[WHAT THE EXERCISE ASKS] The output should be the listing below, limited to the lines from the one with "DramaPanda: Shen Yue" through the one with "Briefing Note Template", exact and without pictures.

[ENTRIES SUPPLIED]
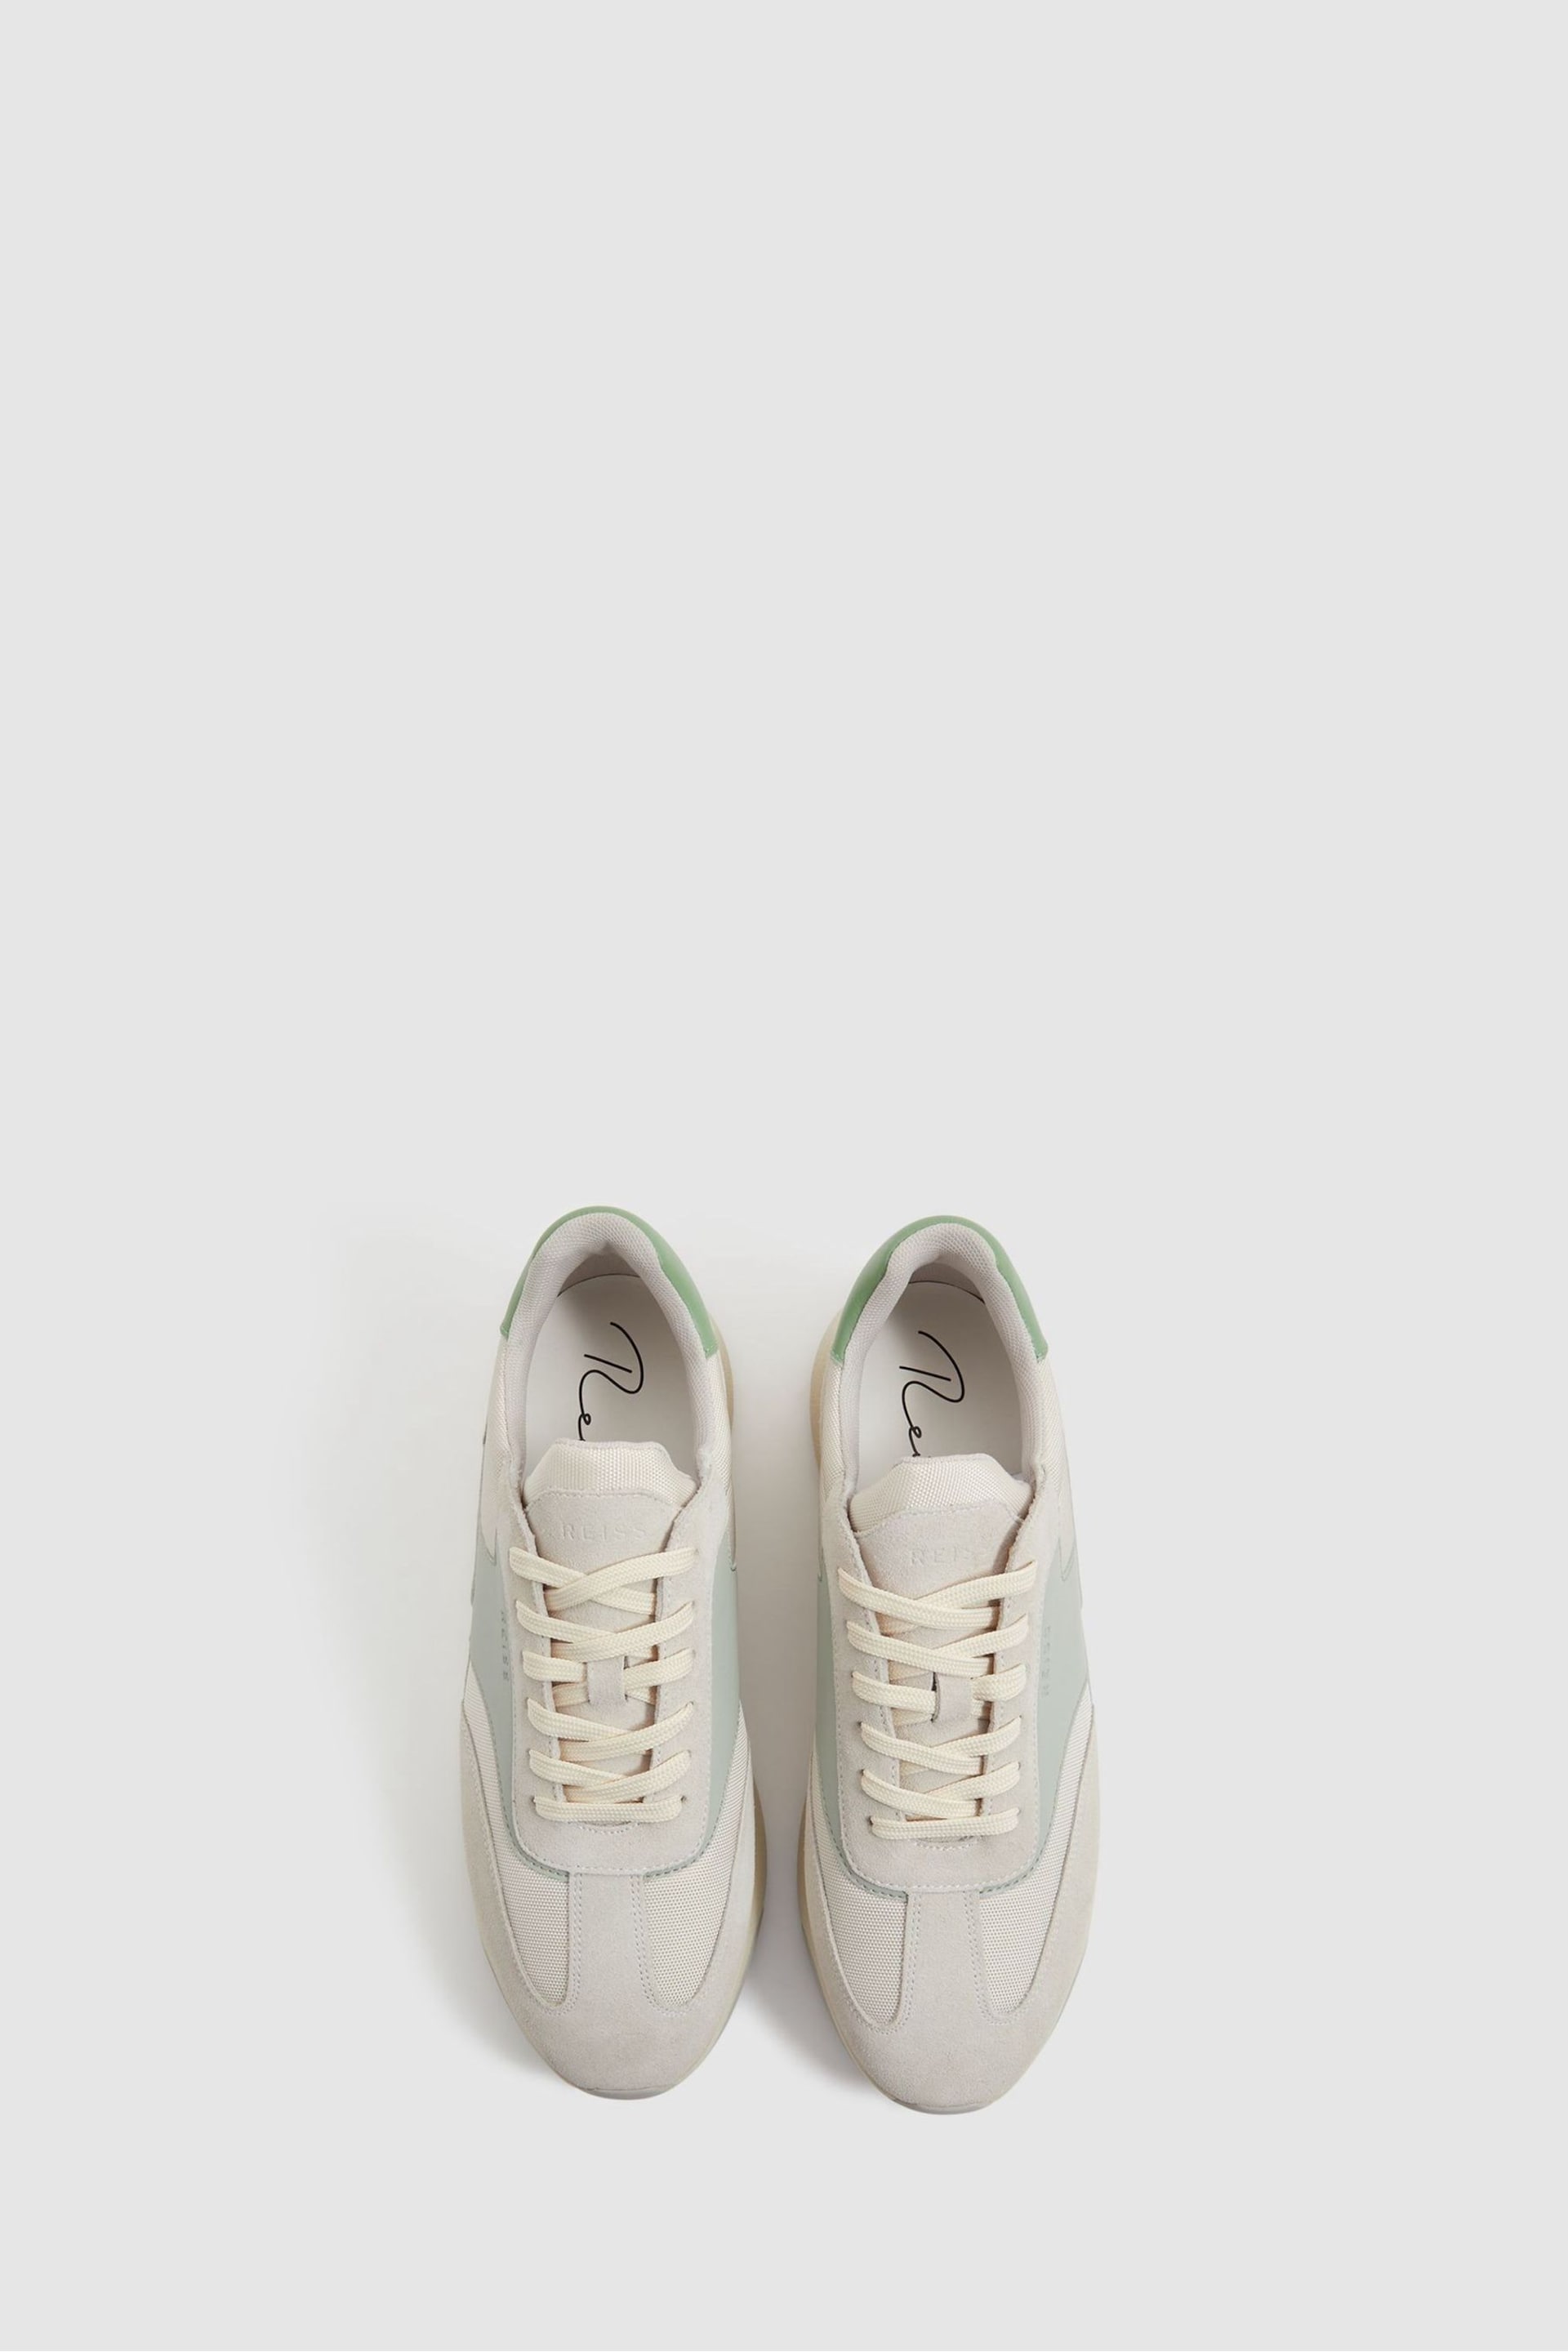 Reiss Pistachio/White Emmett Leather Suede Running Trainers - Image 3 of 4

* * *

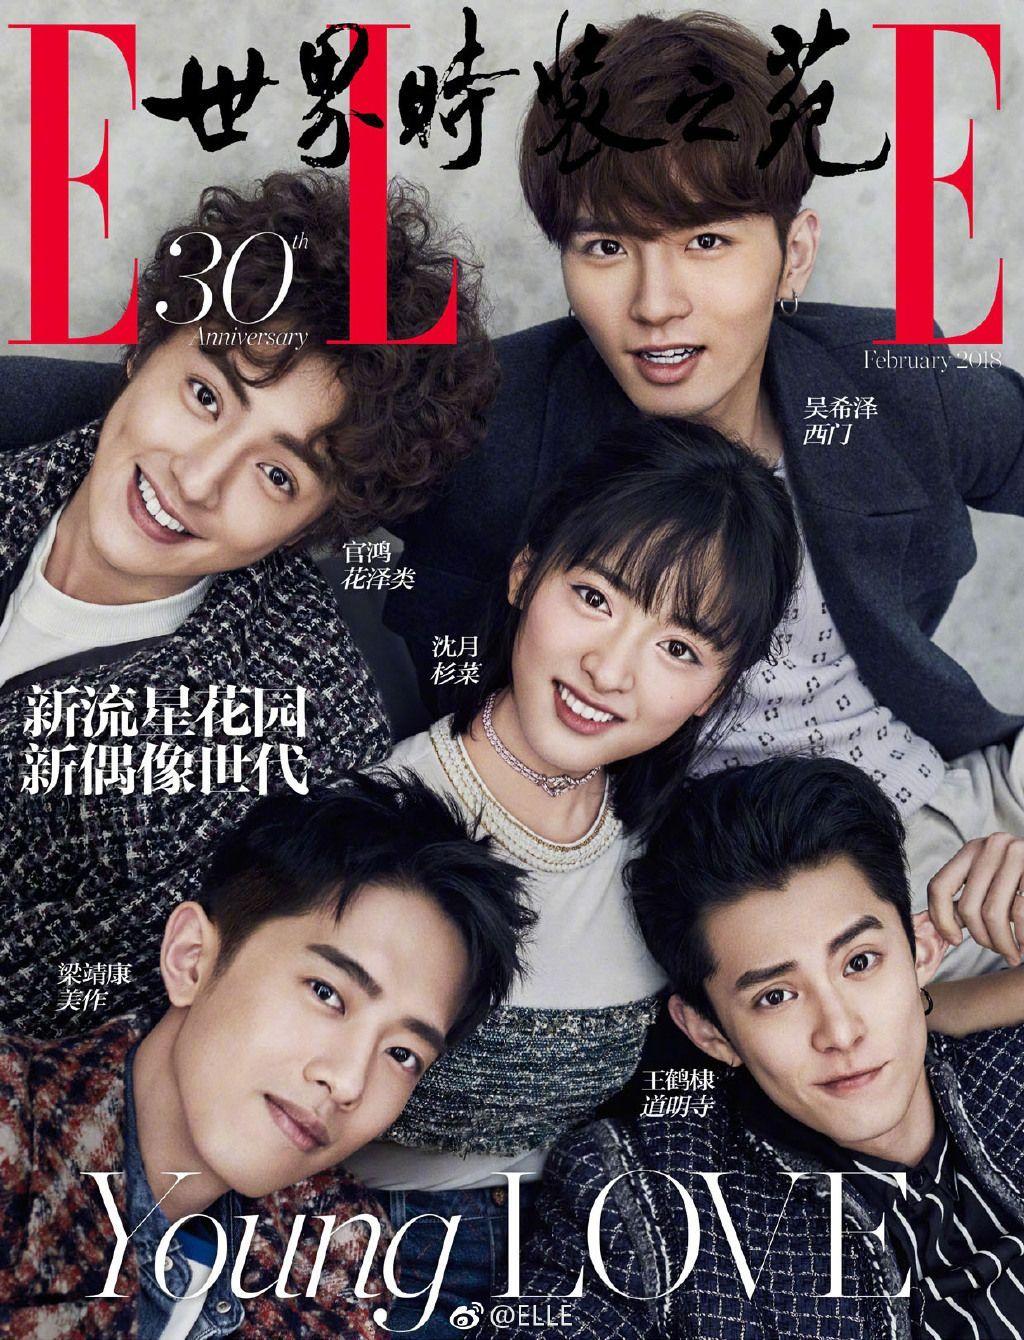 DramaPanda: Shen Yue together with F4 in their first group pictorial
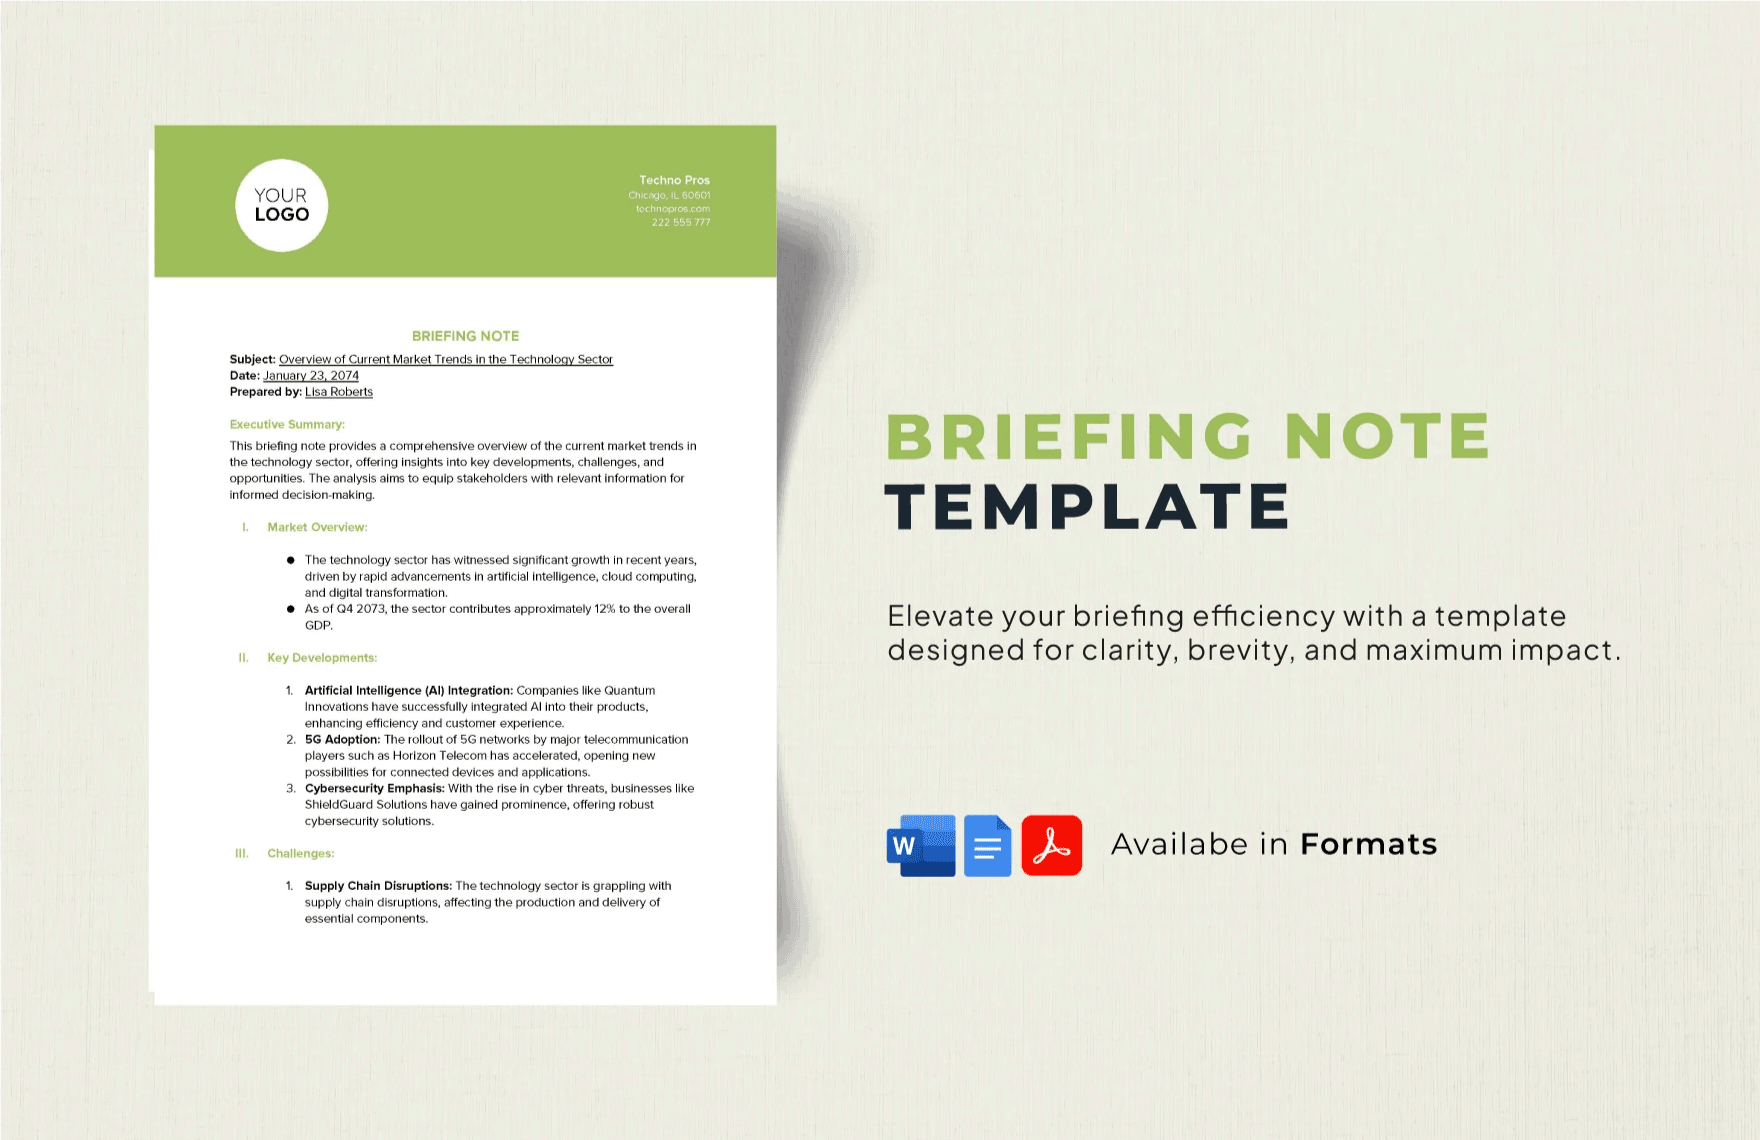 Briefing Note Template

* * *

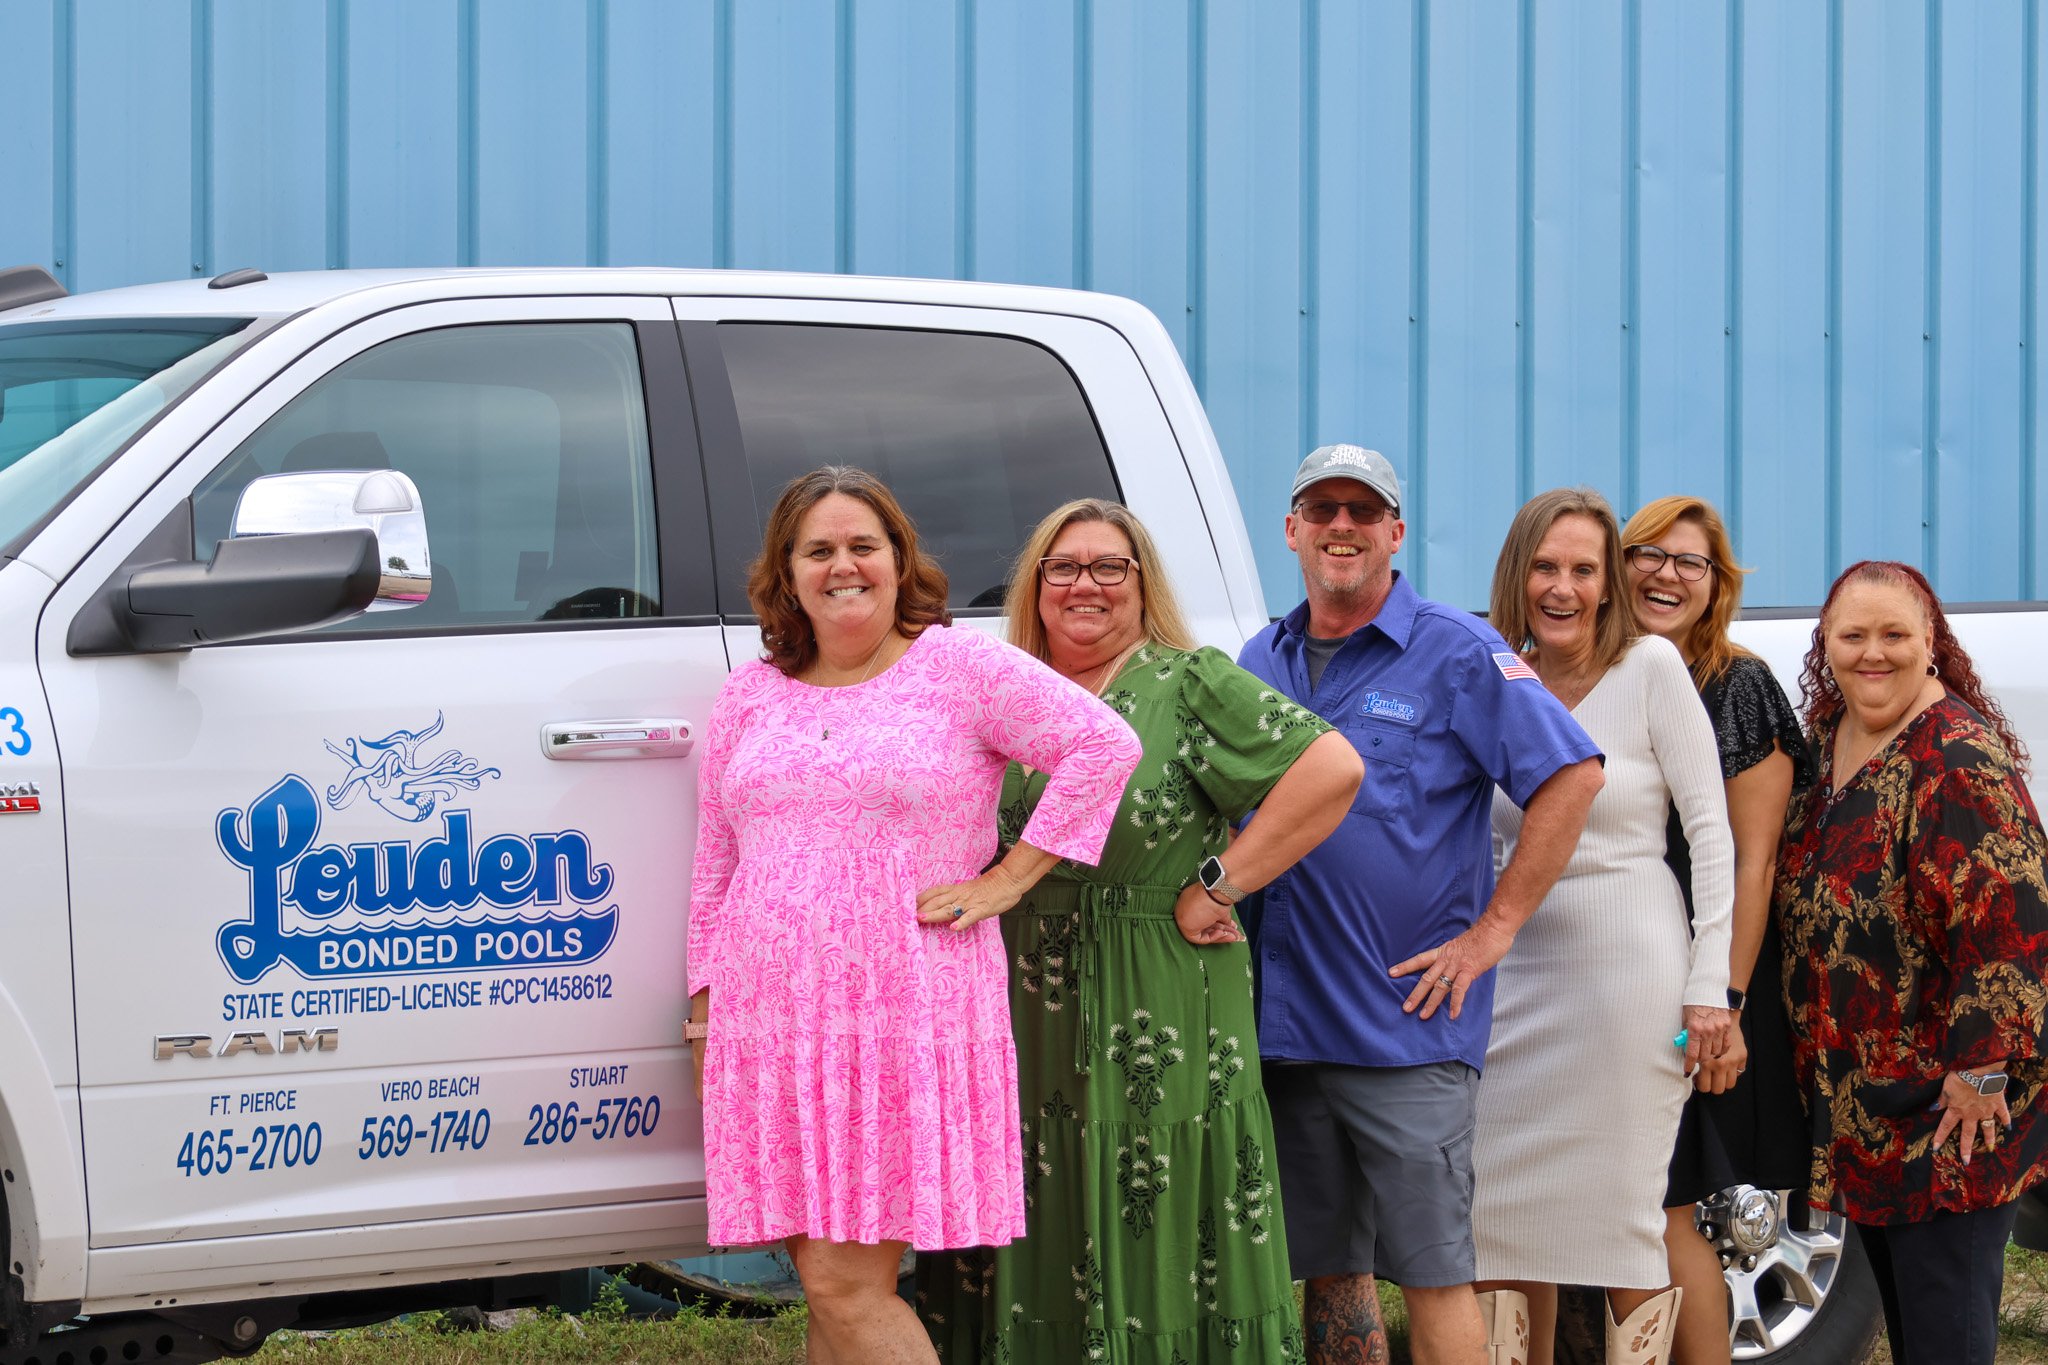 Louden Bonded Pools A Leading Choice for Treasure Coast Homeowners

[WRITTEN RESPONSE]
 DramaPanda: Shen Yue together with F4 in their first group pictorial
 Briefing Note Template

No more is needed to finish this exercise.